# bank account



## Kendrakonadu (Aug 16, 2014)

I recently went to fnb to open an account in which a smartsave account was opened for me.I was called a week later by the relationship officer that the account opened for me on the basis of my temporary resident permit with a relative permit and the condition is to join spouse with a 'x' expiry date is not a spousal permit. 
The question is I applied for a spousal permit at the HA and I was given a relative permit so is there a spousal permit or HA gave me a wrong permit? Legal man and others kindly help I'm confused

Thanks


----------



## noriki (Jul 14, 2014)

spousal permit is a kind of relative permit if you guys married you will get spousal permit if not then relative permit


----------



## Saartjie (Mar 1, 2010)

Kendrakonadu said:


> I recently went to fnb to open an account in which a smartsave account was opened for me.I was called a week later by the relationship officer that the account opened for me on the basis of my temporary resident permit with a relative permit and the condition is to join spouse with a 'x' expiry date is not a spousal permit.
> The question is I applied for a spousal permit at the HA and I was given a relative permit so is there a spousal permit or HA gave me a wrong permit? Legal man and others kindly help I'm confused
> 
> Thanks


They are two different permits and HA often issues the 'wrong' one. A spousal permit is also referred to as a Section 11 (6) permit and can be endorsed for work. A relatives permit cannot be endorsed. If you want a spousal permit you will need to make a new application to change the conditions of your permit. This usually means that you will need to provide all of the documentation (police clearance, X-rays etc) again. This happened to me and is quite common and a real pain.


----------



## Kendrakonadu (Aug 16, 2014)

Yes I'm married to a SA citizen and I requested for a spousal permit .I guess I was issued the wrong permit.


----------



## Saartjie (Mar 1, 2010)

Kendrakonadu said:


> Yes I'm married to a SA citizen and I requested for a spousal permit .I guess I was issued the wrong permit.


Sounds like that's what they've done. I only discovered this when I had found a job and went to get my endorsement. It took 10 months before I got my spousal permit but I was quite unlucky I think because they lost my application 3 times.


----------



## Kendrakonadu (Aug 16, 2014)

Hmm so it means I have to apply for a spousal permit. Do I have to get the forms at HA and apply in SA or I have to go back to my country to apply?


----------



## Saartjie (Mar 1, 2010)

Kendrakonadu said:


> Hmm so it means I have to apply for a spousal permit. Do I have to get the forms at HA and apply in SA or I have to go back to my country to apply?

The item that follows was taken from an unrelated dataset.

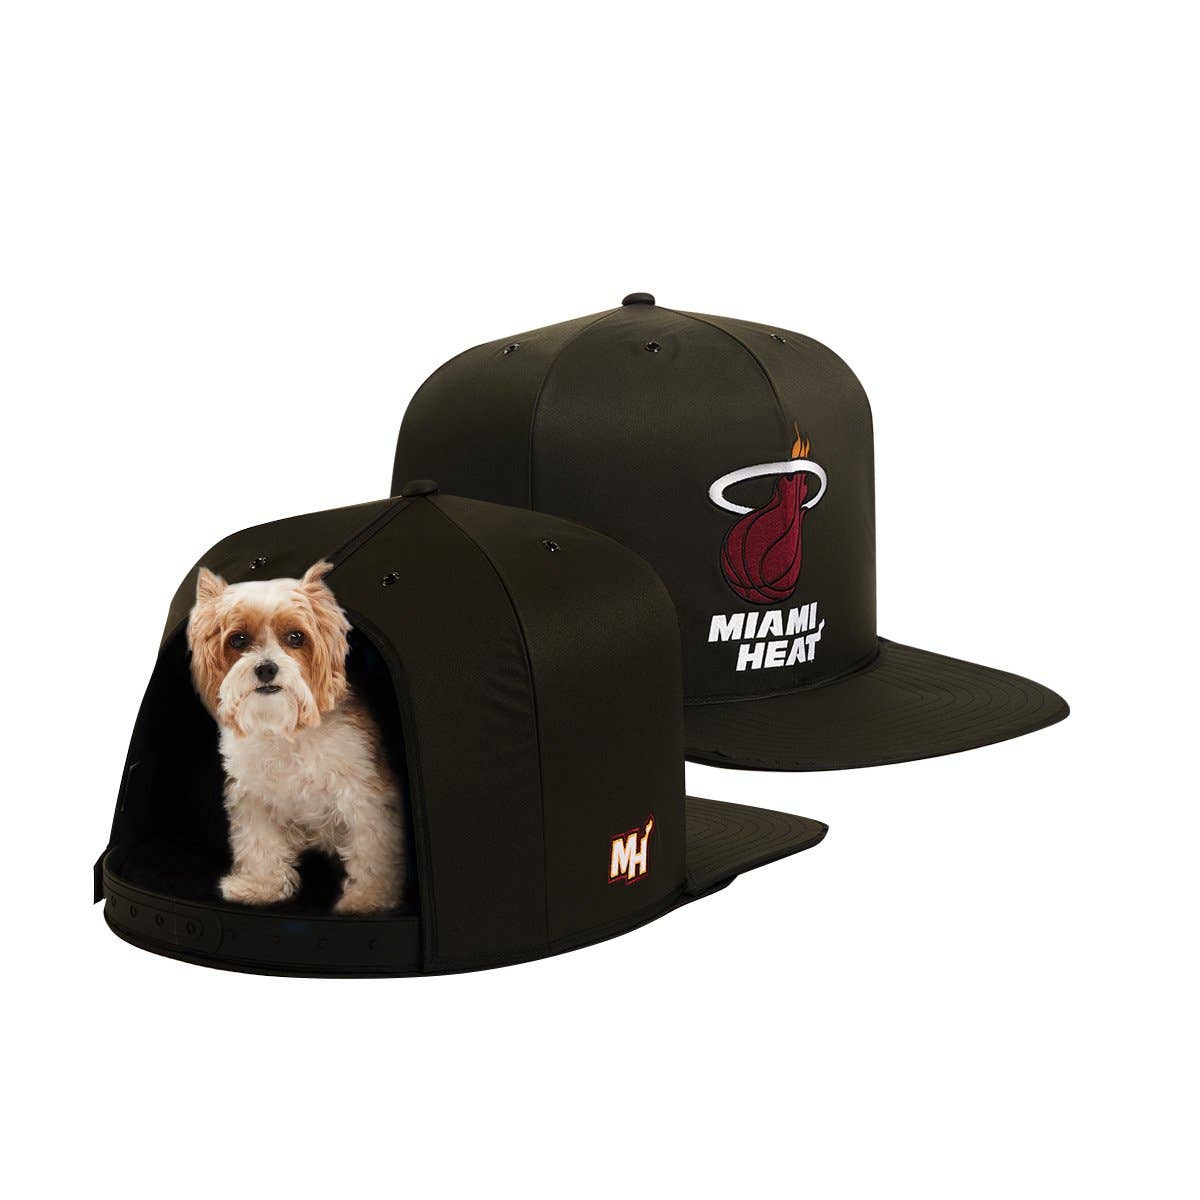 Miami Heat Nap Cap Premium Dog Bed  Image
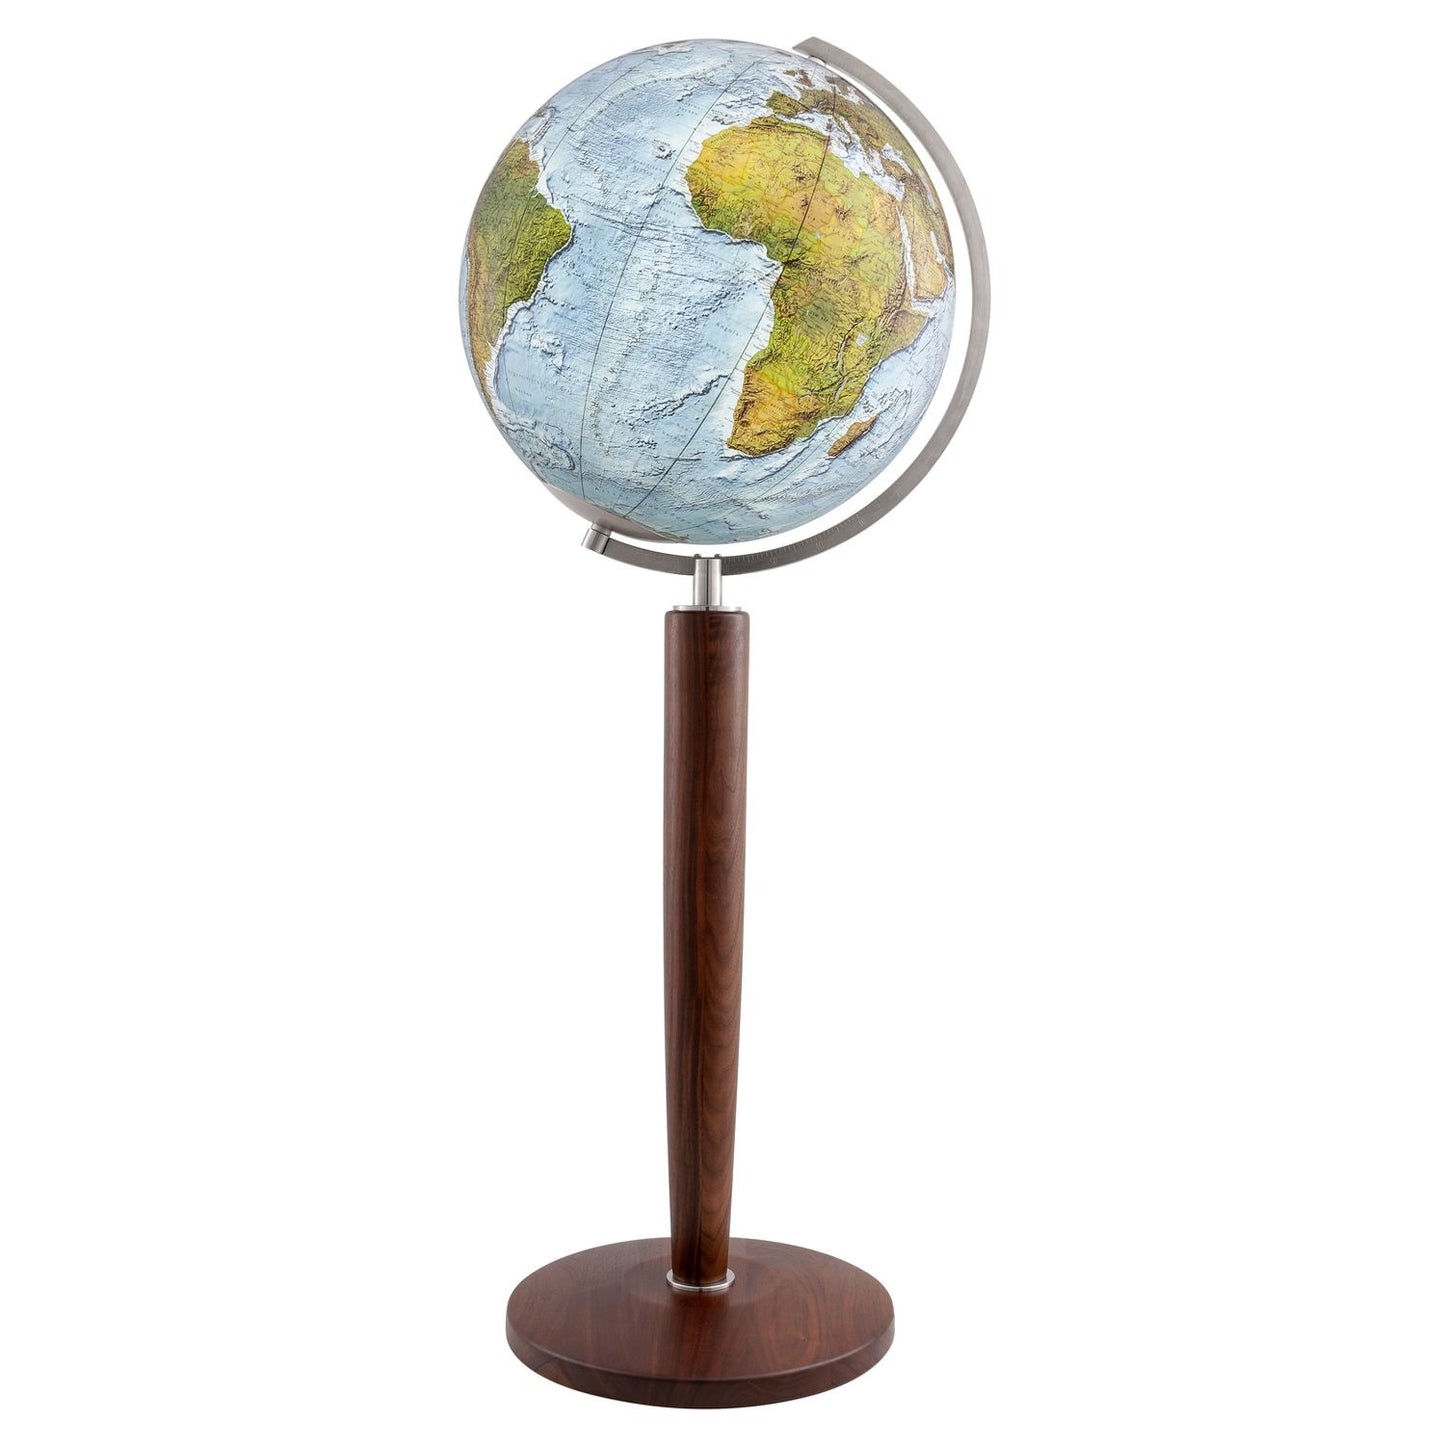 Columbus DUO ALBA globe sur pied Khan D 51 cm cristal verre et noyer, anglais

As the application would be to change the conditions on your permit I would have thought you can make the application in SA. If I understand the new regulations correctly its only the first application that you need to make from your home country any renewals etc can be done in SA. However, I am not completely familiar with the new regulations so perhaps Legal Man would be able to confirm if the above is correct.


----------